KUPANG, || Bank Indonesia terus menunjukkan komitmennya dalam memperkuat literasi keuangan dan digitalisasi ekonomi di Nusa Tenggara Timur. Melalui Kantor Perwakilan Bank Indonesia (KPw BI) Provinsi NTT, sinergi lintas sektor kembali diperlihatkan pada malam puncak Katong Manise x QRIStreet Festival 2025, Sabtu (1/11/2025), di Kupang.
Dalam momentum tersebut, Kepala Dinas Pendidikan Provinsi NTT, Ambrosius Kodo, S.Sos., M.M., secara resmi meluncurkan Modul Kokurikuler Cinta, Bangga, dan Paham (CBP) Rupiah untuk pelajar SMA/SMK dan SLB se-Provinsi NTT. Program ini merupakan hasil kerja sama antara Dinas Pendidikan Provinsi NTT dan KPw BI Provinsi Nusa Tenggara Timur sebagai upaya menanamkan nilai cinta dan kebanggaan terhadap Rupiah sejak dini.
Peluncuran modul ini ditandai dengan penyerahan buku CBP Rupiah dari Deputi Kepala Perwakilan Bank Indonesia Provinsi NTT, Didiet Aditya, dan penyerahan Surat Keputusan Implementasi Modul Kokurikuler CBP Rupiah oleh Ambrosius Kodo.
“Implementasi modul kokurikuler CBP Rupiah ini merupakan bukti kolaborasi nyata Dinas Pendidikan dan Bank Indonesia dalam mendorong literasi pelajar, khususnya terkait CBP Rupiah. Contoh simpel yang selalu saya tunjukkan yakni menggunakan dompet panjang untuk menjaga kondisi fisik uang Rupiah agar tidak lusuh dan terlipat, sebagai bagian dari cinta kita kepada Rupiah. Setiap lembar Rupiah merupakan hasil keringat kita yang mesti kita hargai,” ujar Ambrosius dalam sambutannya.
Ia menambahkan, “Banyak gambar pahlawan yang dicantumkan dalam mata uang Rupiah kita. Kalau bukan kita sendiri yang bangga dan paham terhadap mata uang sendiri, maka siapa lagi? Rupiah adalah simbol kedaulatan negara yang hanya dimiliki oleh negara yang merdeka.”

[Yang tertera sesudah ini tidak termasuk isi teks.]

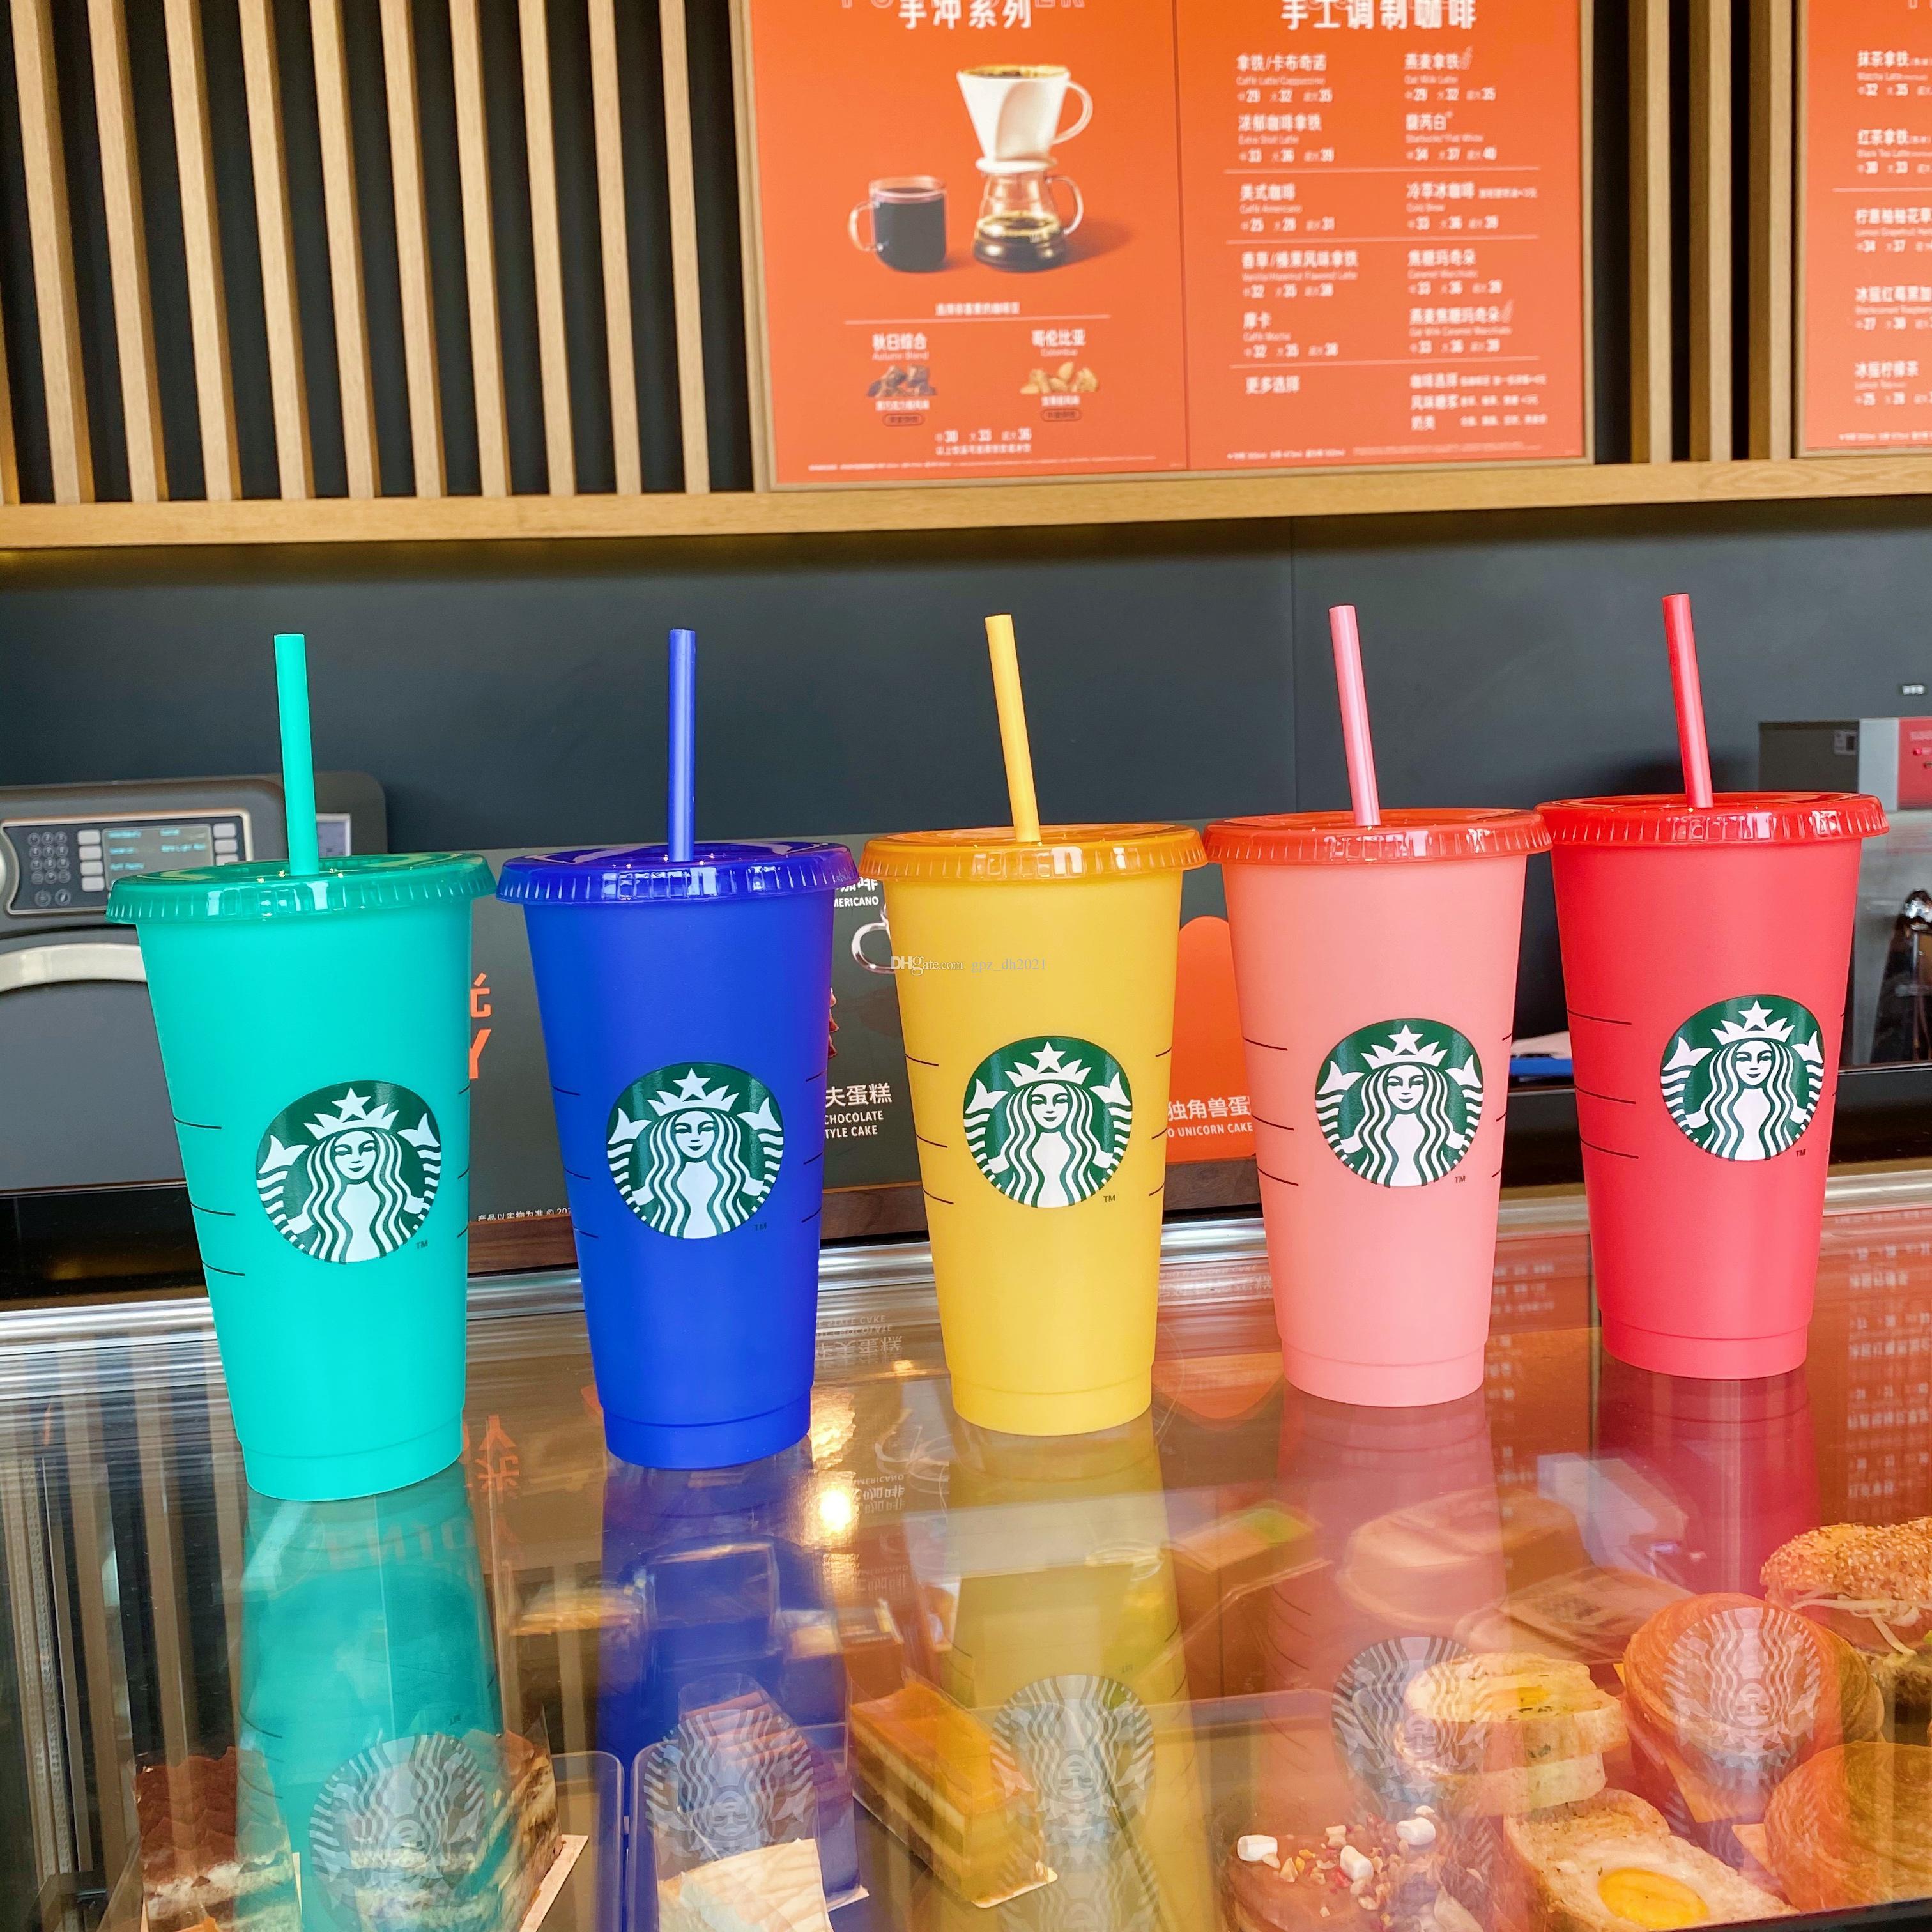 Starbucks 24oz اللون تغيير المروم البلاستيك شفافة شرب عصير كوب مع الشفاه و القش سحر القهوة القدح كوستوم اللون تغيير محفظة 5PCS

Dalam kesempatan yang sama, Bank Indonesia juga mengumumkan 10 Duta Rupiah Flobamorata 2025–2026, yang akan bertugas mengedukasi masyarakat NTT tentang pentingnya mengenal, memahami, dan menjaga Rupiah.
Kesepuluh duta ini merupakan hasil seleksi ketat dari 121 peserta yang telah mengikuti pembelajaran intensif selama dua hari.

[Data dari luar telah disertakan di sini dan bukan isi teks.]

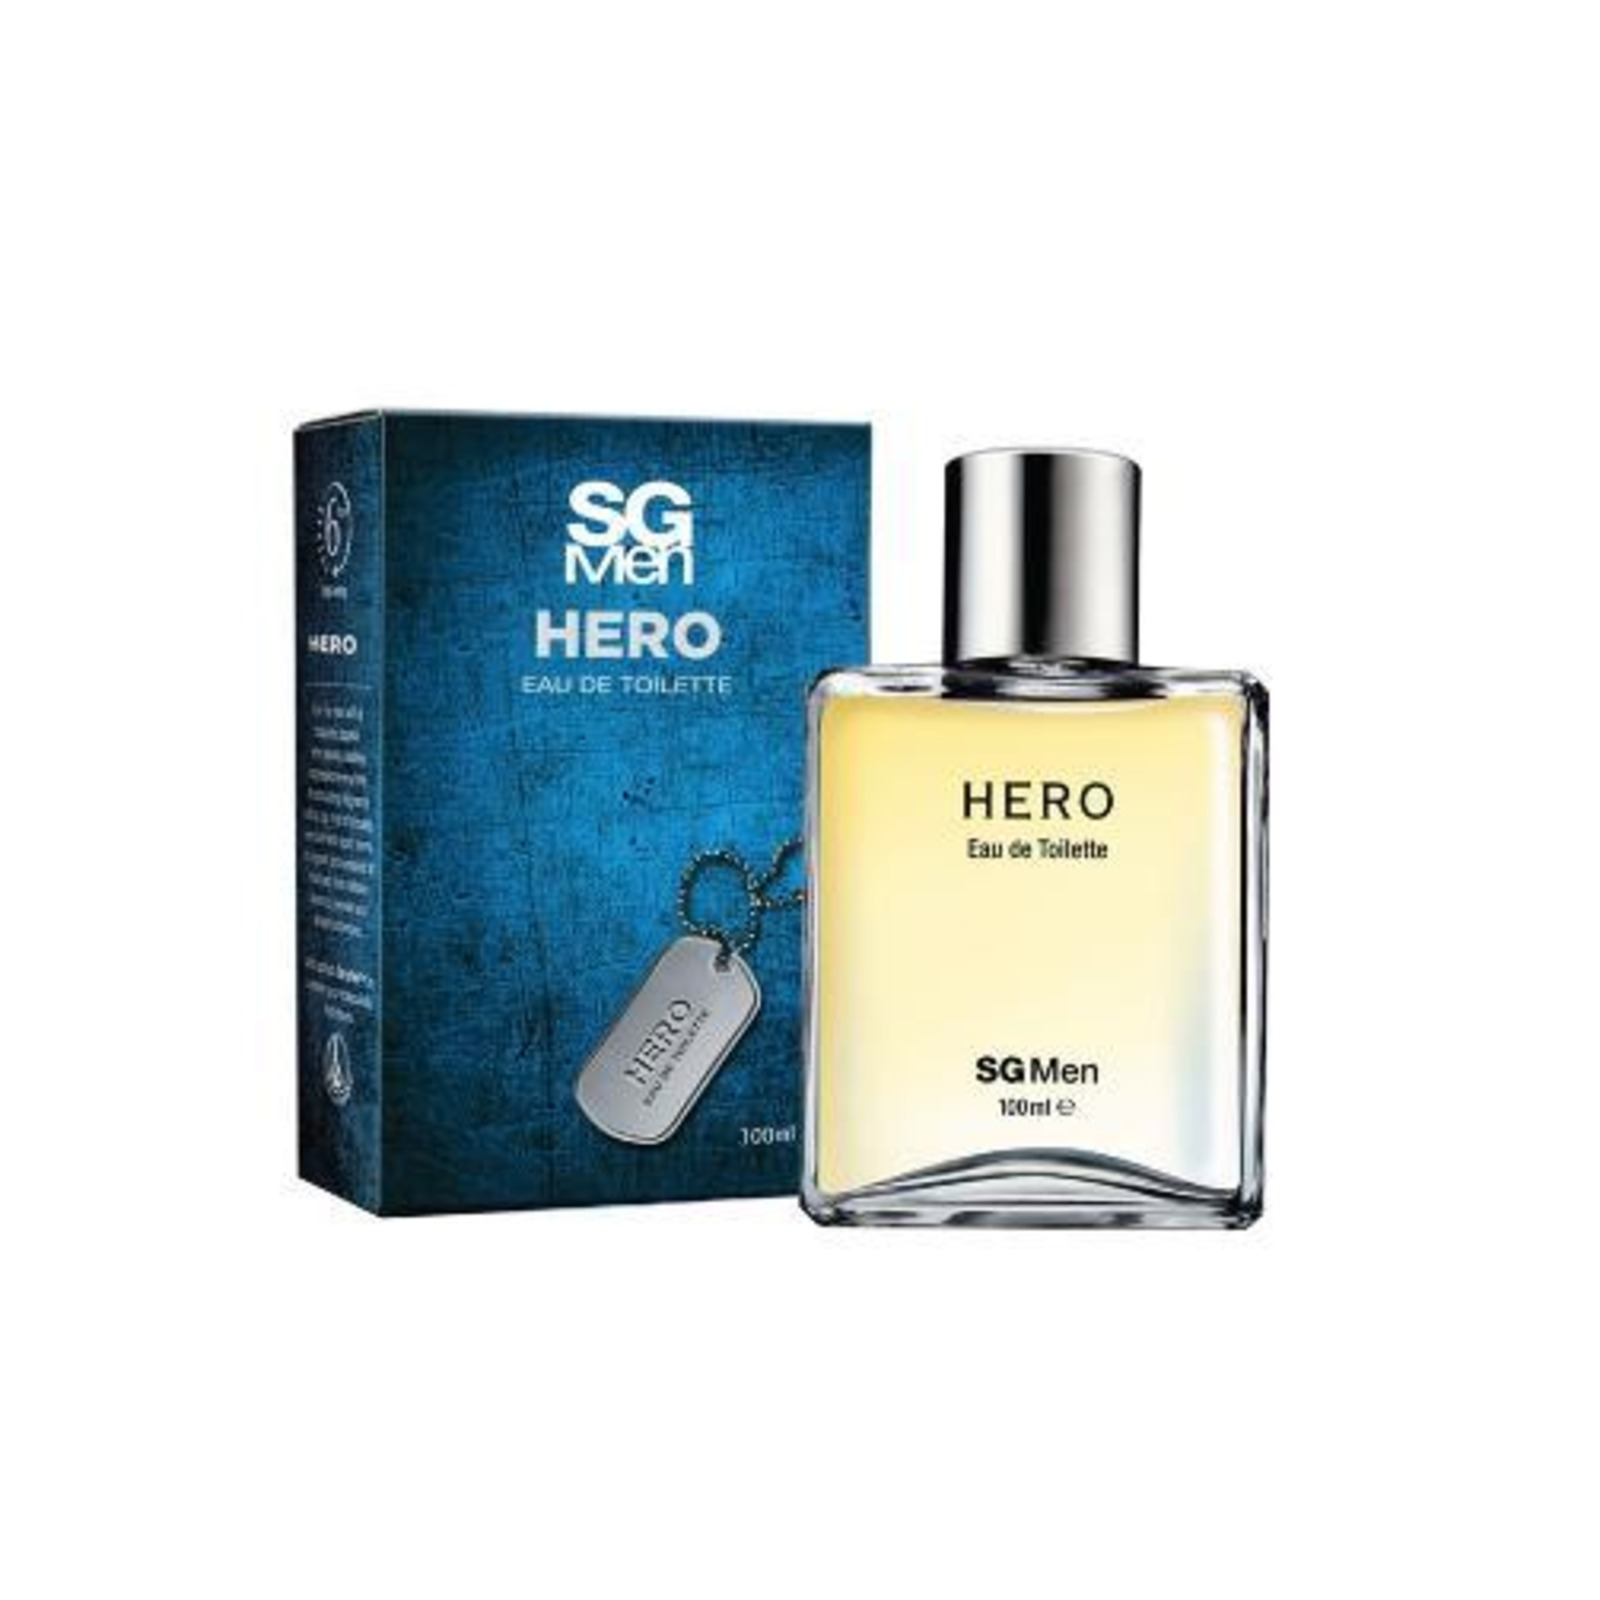 SilkyGirl Body Perfume - SG Men Hero Eau De Toilette

“Kami mengucapkan selamat kepada para duta terpilih, juga selamat kepada seluruh peserta seleksi. Semoga ilmu yang didapat selama pembelajaran dapat menjadi bekal pengembangan diri ke depan,” kata Didiet Aditya, Deputi Kepala Perwakilan BI NTT.
Dalam kesempatan itu, Didiet juga menyampaikan apresiasi kepada Pemerintah Provinsi NTT, Dinas Pendidikan dan Kebudayaan Provinsi NTT, serta para guru yang sangat responsif dan suportif dalam proses penyusunan hingga persetujuan modul CBP Rupiah. Ia juga memberikan apresiasi kepada seluruh pihak yang turut mendukung kegiatan besar ini: tim Takuju Market, Bank Mandiri Cabang Kupang, Swiss-Belcourt Kupang, perbankan di Kota Kupang, para peserta lomba dari SD hingga mahasiswa, PMI Provinsi NTT (dalam kegiatan donor darah 31 Oktober 2025), serta seluruh mitra lain yang berkontribusi.
Kegiatan QRIStreet Festival dan Takuju Market Volume 4 masih akan berlangsung hingga 7 November 2025, menghadirkan berbagai aktivitas kreatif dan edukatif bagi masyarakat.
Dengan semangat mendorong kreativitas, digitalisasi, dan pertumbuhan ekonomi lokal, KPw BI Provinsi NTT menegaskan komitmennya untuk terus bersinergi dengan seluruh mitra kerja dalam meningkatkan kesadaran masyarakat akan pentingnya Cinta, Bangga, dan Paham Rupiah. Di saat yang sama, BI juga terus mengedukasi masyarakat untuk beralih pada transaksi non-tunai yang cepat, mudah, murah, aman, dan andal guna mendukung ekosistem ekonomi digital di Bumi Flobamorata.